SCHEDULE 13E-3/A
                                (FINAL AMENDMENT)
                                 (RULE 13e-100)

           TRANSACTION STATEMENT UNDER SECTION 13(e) OF THE SECURITIES
                 EXCHANGE ACT OF 1934 AND RULE 13e-3 THEREUNDER

                       SECURITIES AND EXCHANGE COMMISSION
                               WASHINGTON DC 20549

                        Rule 13e-3 Transaction Statement
           Under Section 13(e) Of The Securities Exchange Act Of 1934

                             MERCHANTS BANCORP, INC.
                              (Name Of The Issuer)

                             MERCHANTS BANCORP, INC.
                      (Name of Person(s) Filing Statement)

                           COMMON STOCK, NO PAR VALUE
                         (Title of Class of Securities)

                                    588442103
                      (CUSIP Number of Class of Securities)

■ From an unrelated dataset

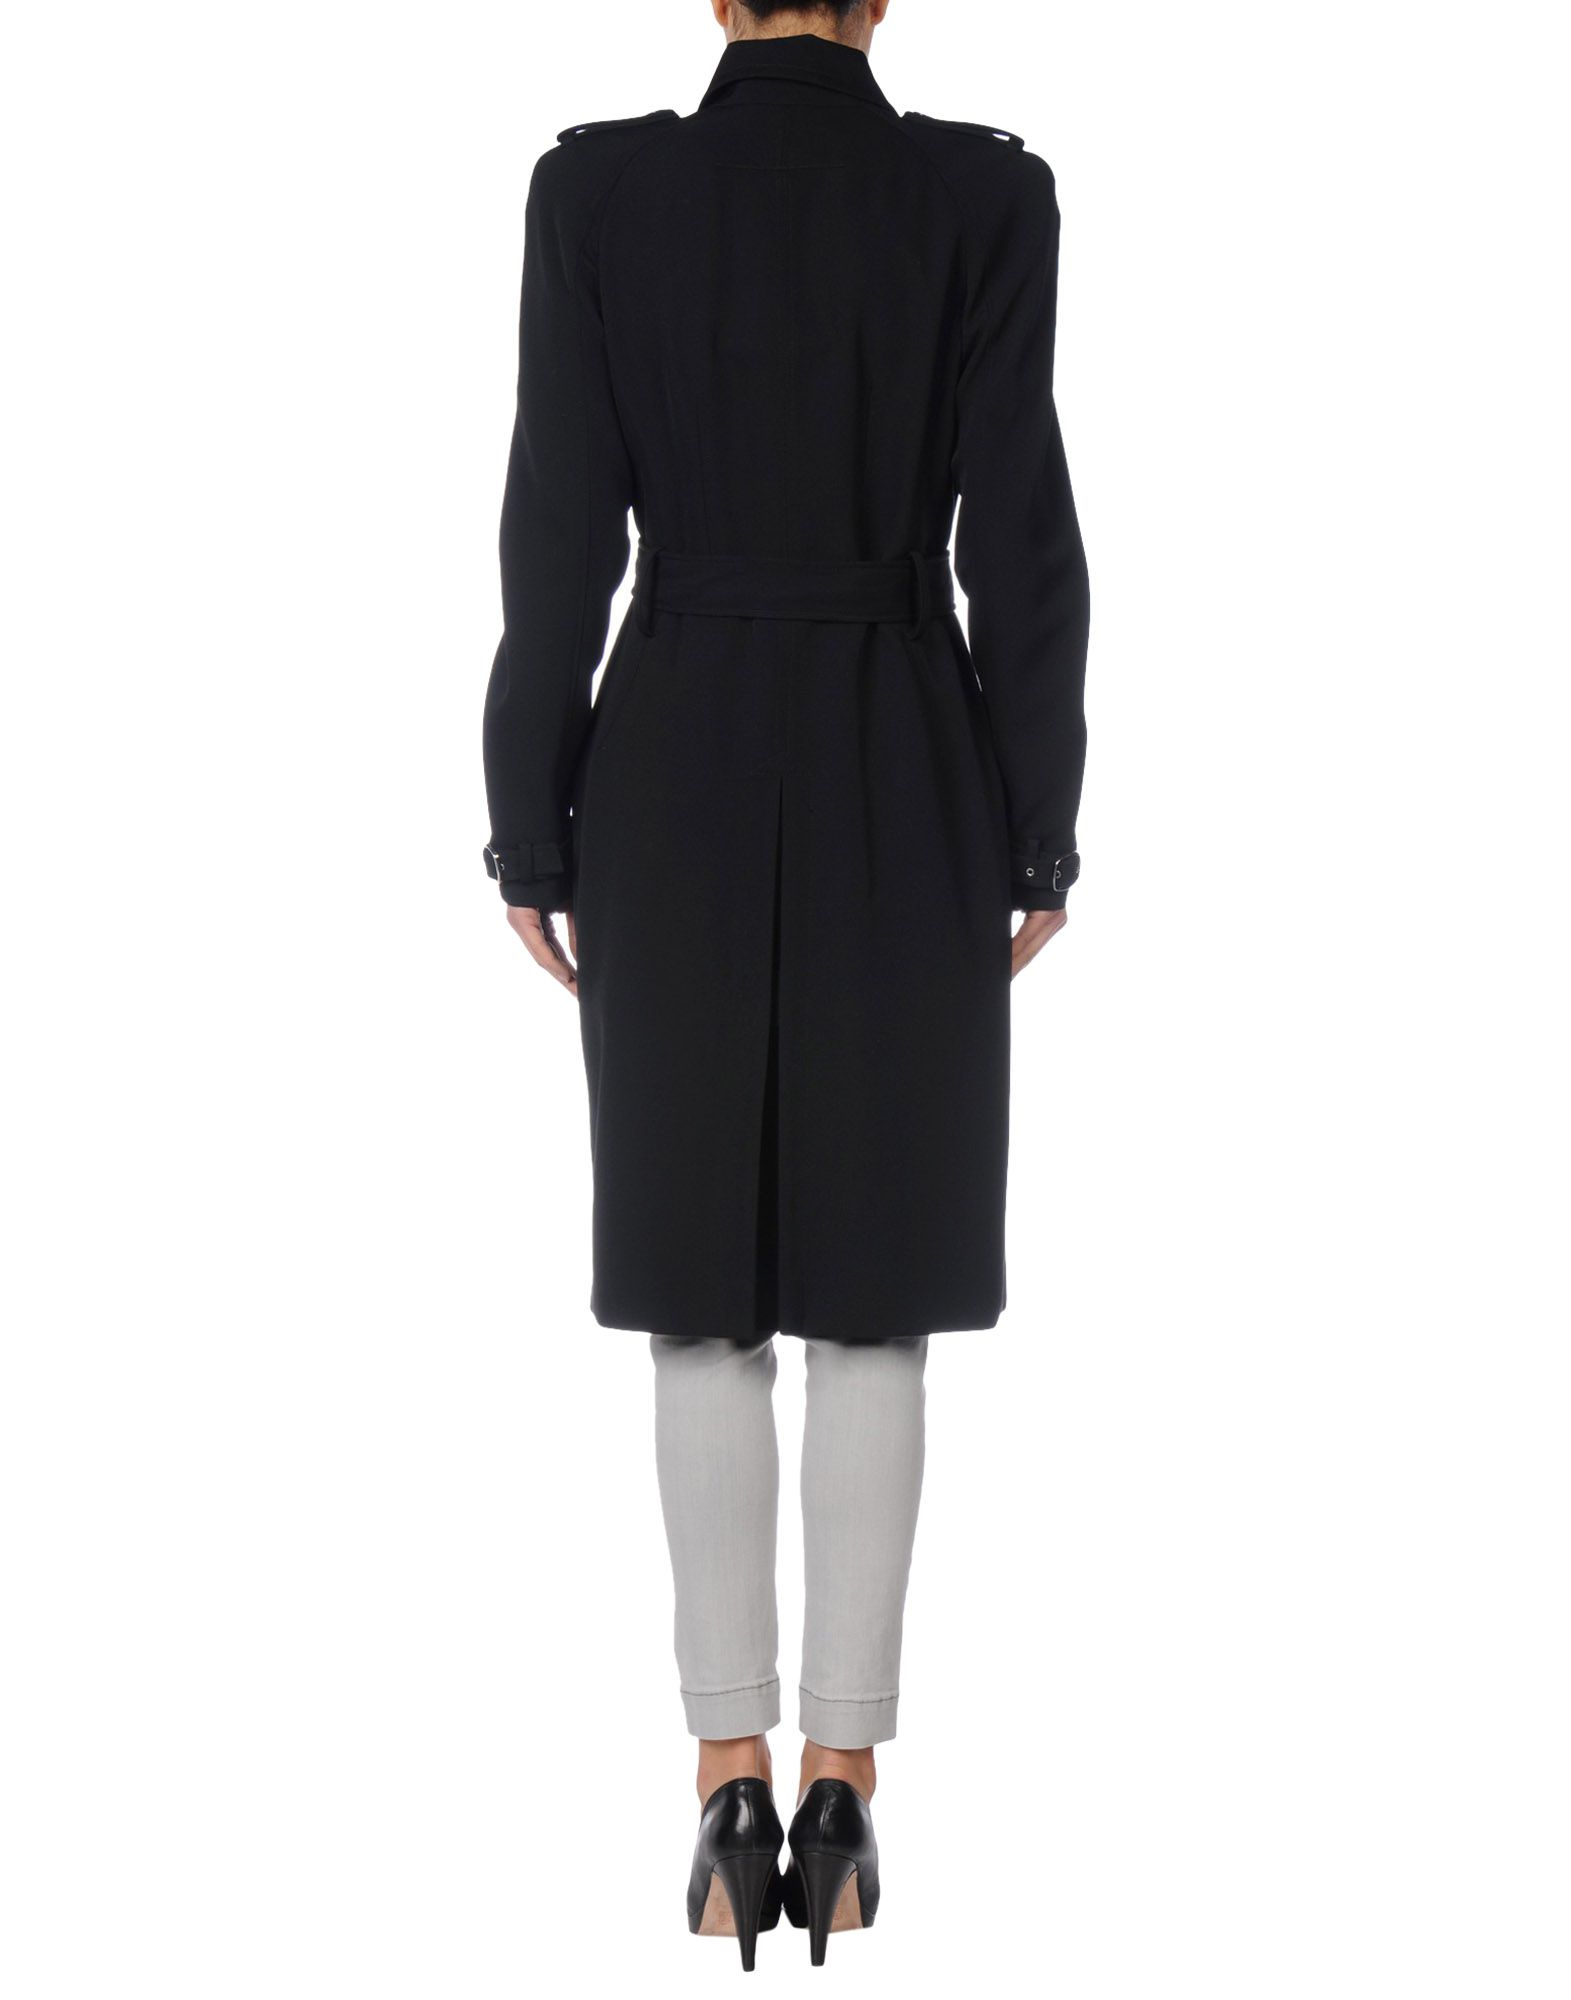 Givenchy Grain De Poudre Trench Coat in Black | Lyst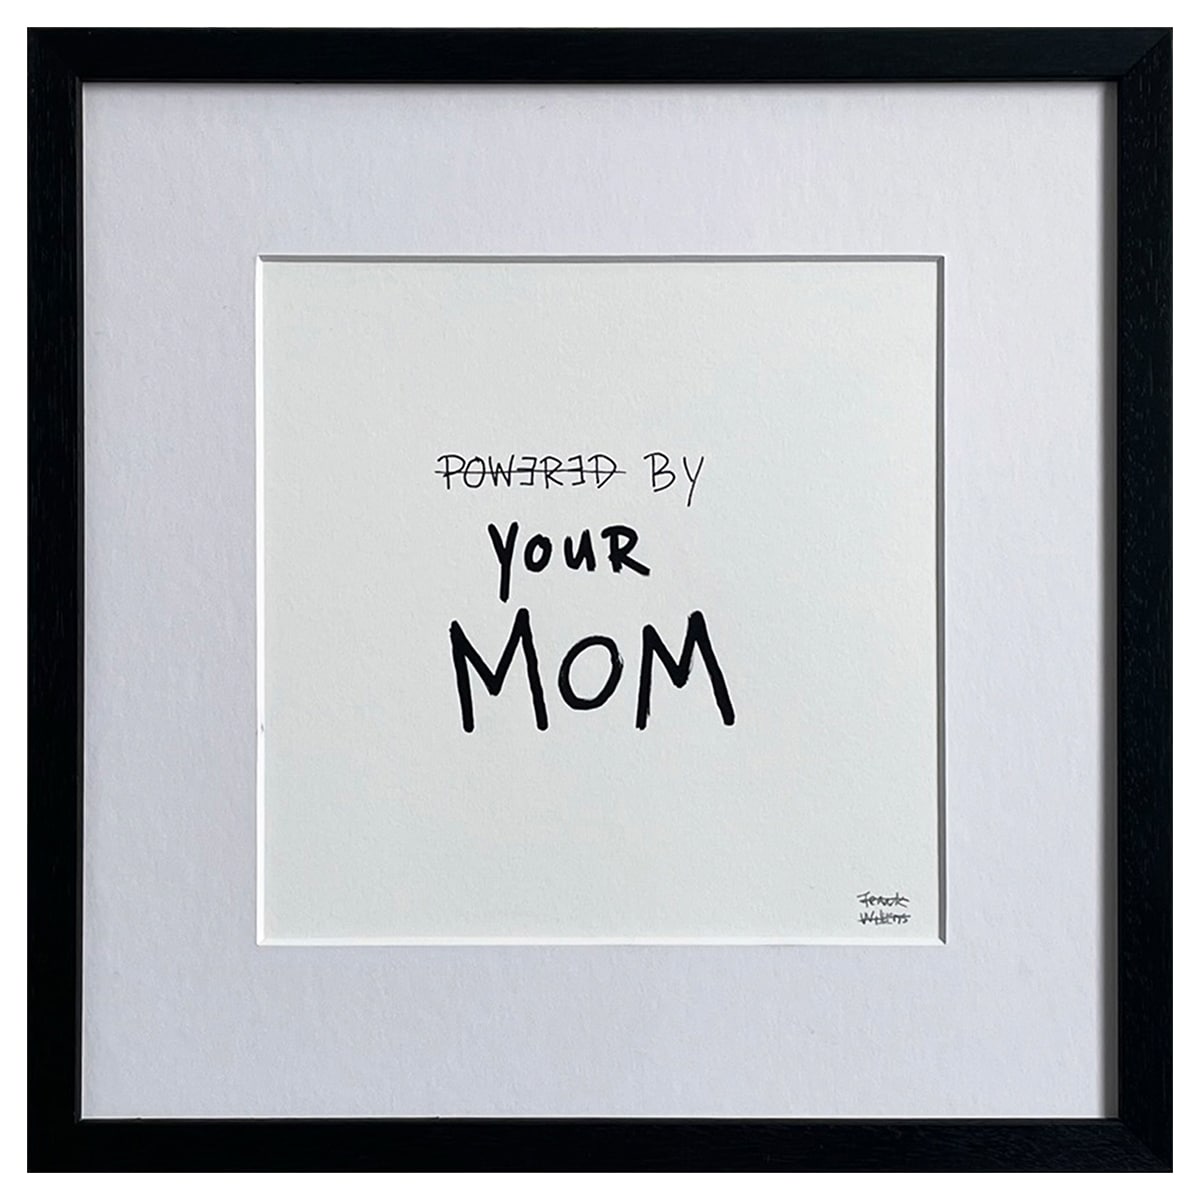 Limited Edt. Text Print – POWERED BY YOUR MOM

                                         
                                                             Copy To:
                                                       DAVID J. MACK, ESQ.
  PAUL W. PENCE, JR., PRESIDENT AND CEO               THOMAS C. BLANK, ESQ.
         MERCHANTS BANCORP, INC.                  SHUMAKER, LOOP & KENDRICK, LLP
          100 NORTH HIGH STREET                        1000 JACKSON STREET
          HILLSBORO, OHIO 45133                         TOLEDO, OHIO 43624
             (937) 393-1993                               (419) 321-1396
(Name, Address and Telephone Number of      (Name, Address and Telephone Number of
Person Authorized to Receive Notices and    Person Authorized to Receive Notices and
Communications on Behalf of the Person(s)   Communications on Behalf of the Person(s)
Filing Statement)                           Filing Statement)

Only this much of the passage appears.